The Enhanced F-scale will be a much more precise way to rank tornado damage than the original, because it will classify damage F0-F5 calibrated by engineers across over 20 different types of buildings. A team of meteorologists and engineers has worked on this for several years. The idea is that a "one size fits all" approach just doesn't work in rating tornado damage, and that a tornado scale needs to take into account the typical strengths and weaknesses of different types of construction. This is because the same wind does different things to different kinds of buildings. In the Enhanced F-scale, there will be different, customized standards for assigning any given F rating to a well built, well anchored wood-frame house compared to a garage, school, skyscraper, unanchored house, barn, factory, utility pole or other type of structure. In a real-life tornado track, these ratings can be mapped together more smoothly to make a damage analysis. Of course, there still will be gaps and weaknesses on a track where there was little or nothing to damage, but such problems will be less common than under the original F-scale. More details on the final version will be posted here when available.

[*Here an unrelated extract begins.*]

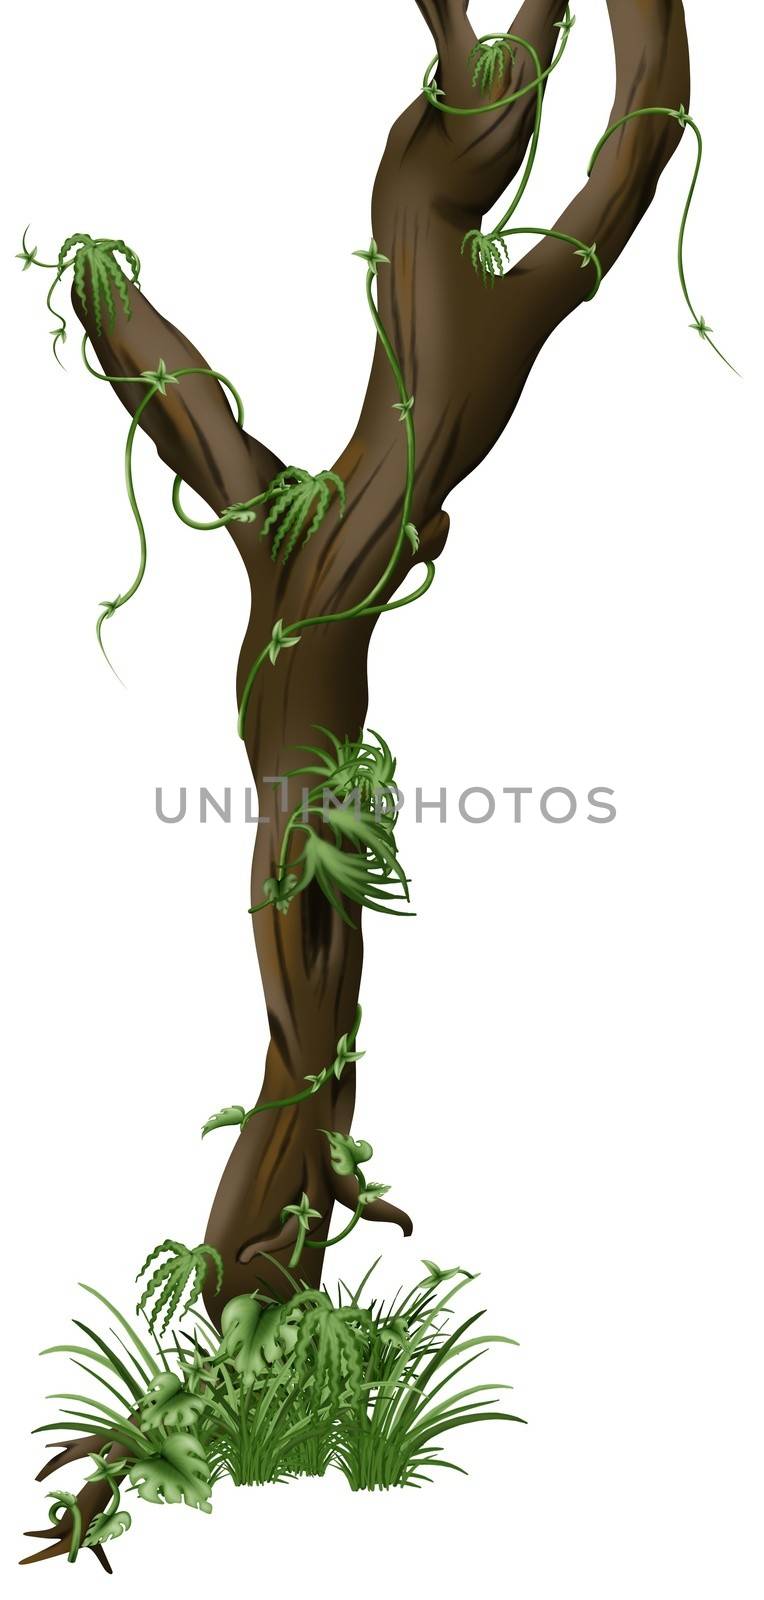 Trunk Tree and Creeping Plants - illustration

Until then, this PDF document by J. McDonald of Texas Tech provides a more thorough overview of the idea.

What is a "significant" Tornado?

 
A tornado is classified as "significant" if it does F2 or greater damage on the F scale. Grazulis (1993) also included killer tornadoes of any damage scale in his significant tornado database. It is important to know that those definitions are arbitrary, for scientific research. No tornado is necessarily insignificant. Any tornado can kill or cause damage; and some tornadoes rated less than F2 probably could do F2 or greater damage if they hit a well-built house during peak intensity.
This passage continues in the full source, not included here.